For some contemporaries in Britain, the sense of loss when Ross was
killed at a relatively young age at North Point near Baltimore in
1814 was amplified by the reckoning that he was destined to become a
‘second Wellington’. Ross cut his teeth commanding the XXth
Regiment, earning battlefield laurels at Maida in southern Italy in
1806 and later during the ‘Retreat to Corunna’ in 1808 when the XXth
distinguished itself in the rearguard. Among its number were many
Irishmen, including large numbers who were recruited after disease
devastated its ranks during the Walcheren campaign, even though it
had not fired a shot in anger. The so-called ‘Waterloo priest’ was
among their number.
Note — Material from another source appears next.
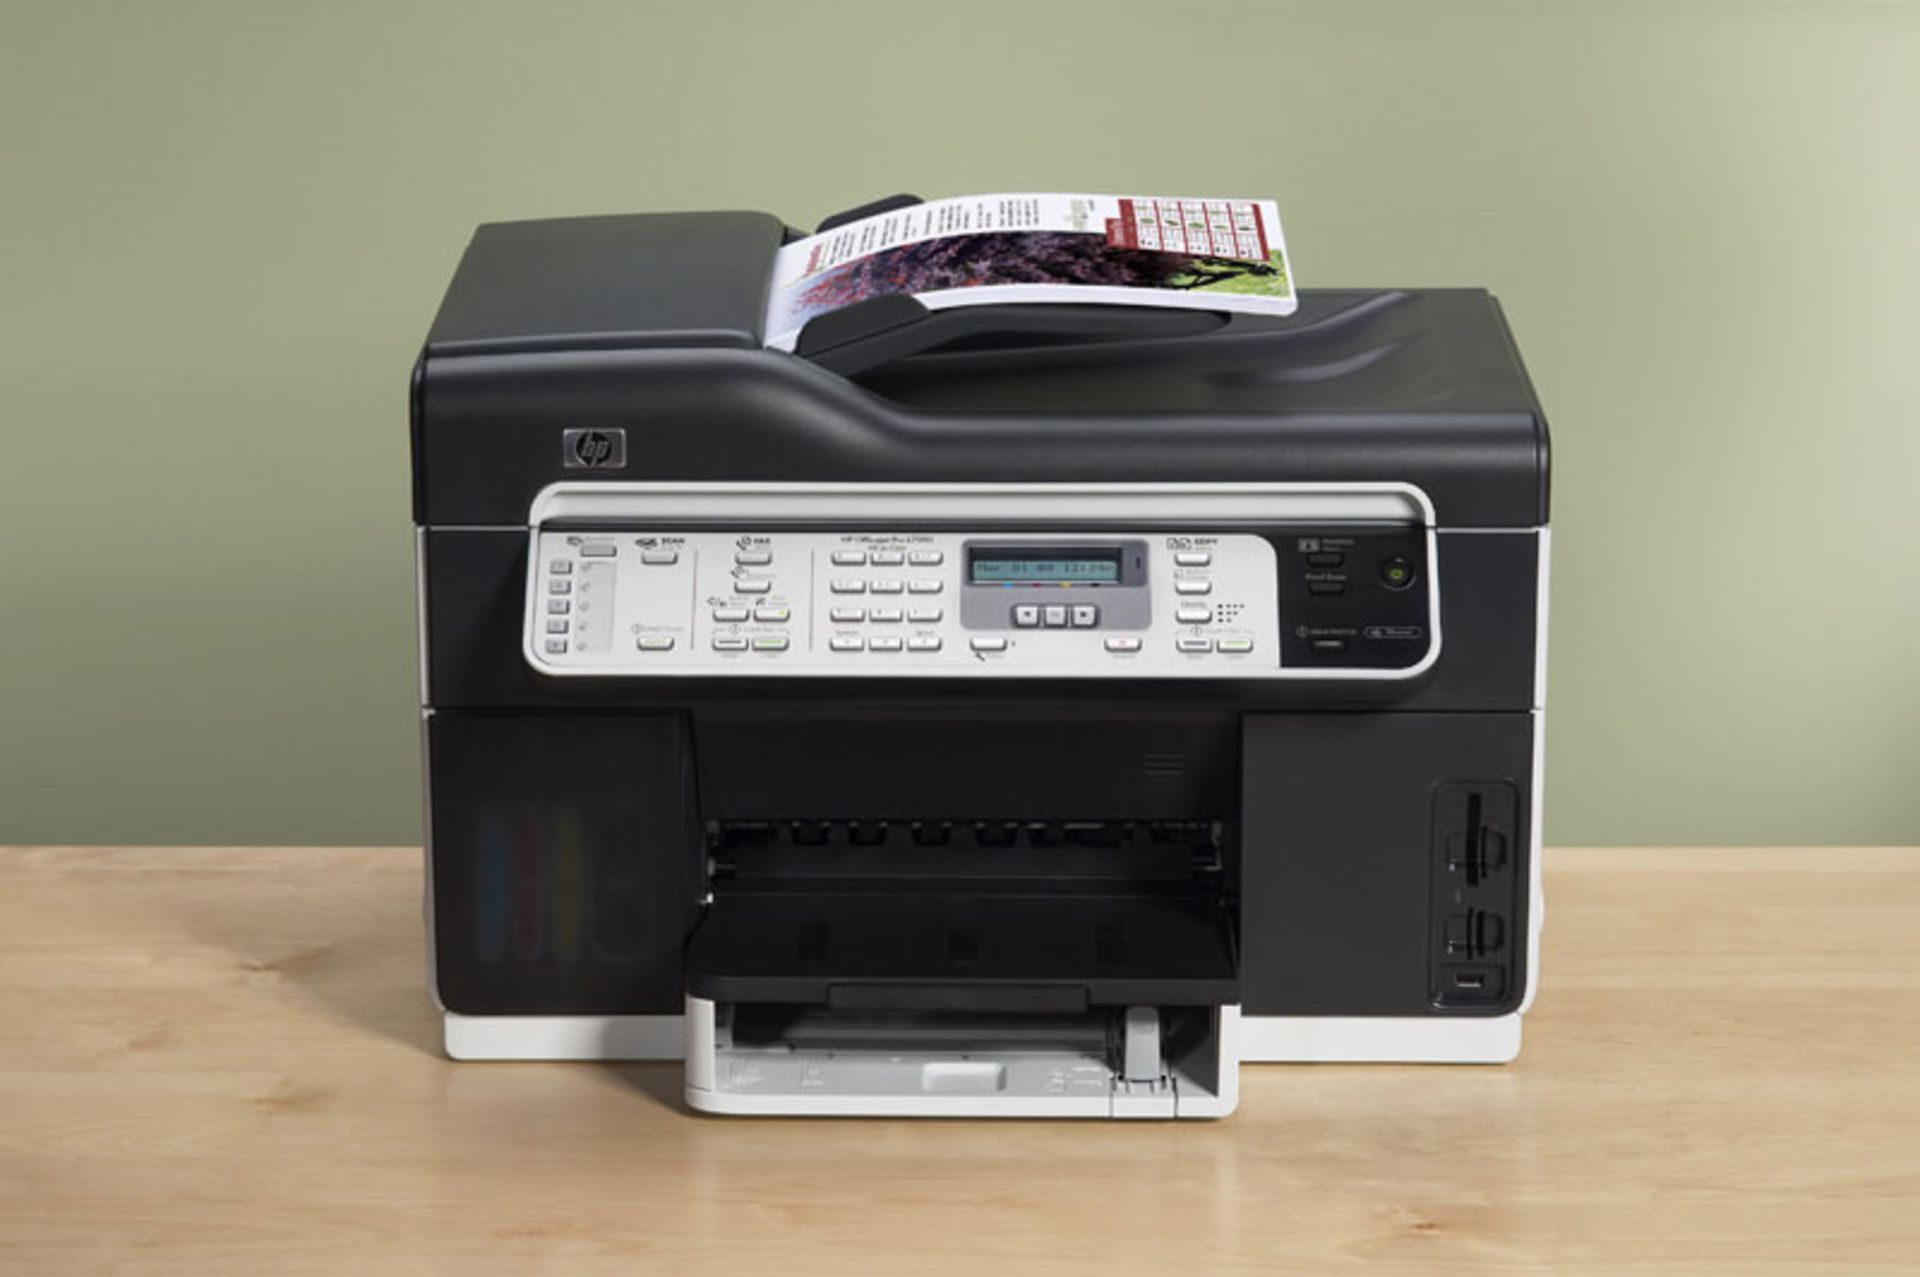 HP Officejet Pro L7590 All-in-One - Multifunction fax copier printer up to 35ppm

And when Ross led his small army against
Washington in 1814, his four regiments were commanded by Irishmen:
Colonels Patterson, Thornton and the Brooke brothers (ancestors of
Viscount Alanbrooke), Francis and Arthur. (There is no evidence
though that Francis Brooke was part of the expedition to the
Chesapeake under General Ross. The 4th Regiment of Foot at
Bladensburg and North Point was commanded by Major Alured Dodsworth
Faunce, whose mother Bridget was the daughter of Mr E. Nugent of
Dublin).
[1]
Harman Murtagh, ‘Irish soldiers abroad, 1600-1800’, in Thomas
Bartlett and Keith Jeffrey eds,
A Military History of Ireland
(Cambridge, 1996), p.299.
[2]
http://en.wikipedia.org/wiki/Battle_of_Fontenoy
[3]
E.M.Spiers, ‘Army organisation and society in the nineteenth
century’ in Thomas Bartlett and Keith Jeffrey eds, A Military
History of Ireland (Cambridge, 1996), pp 335-7.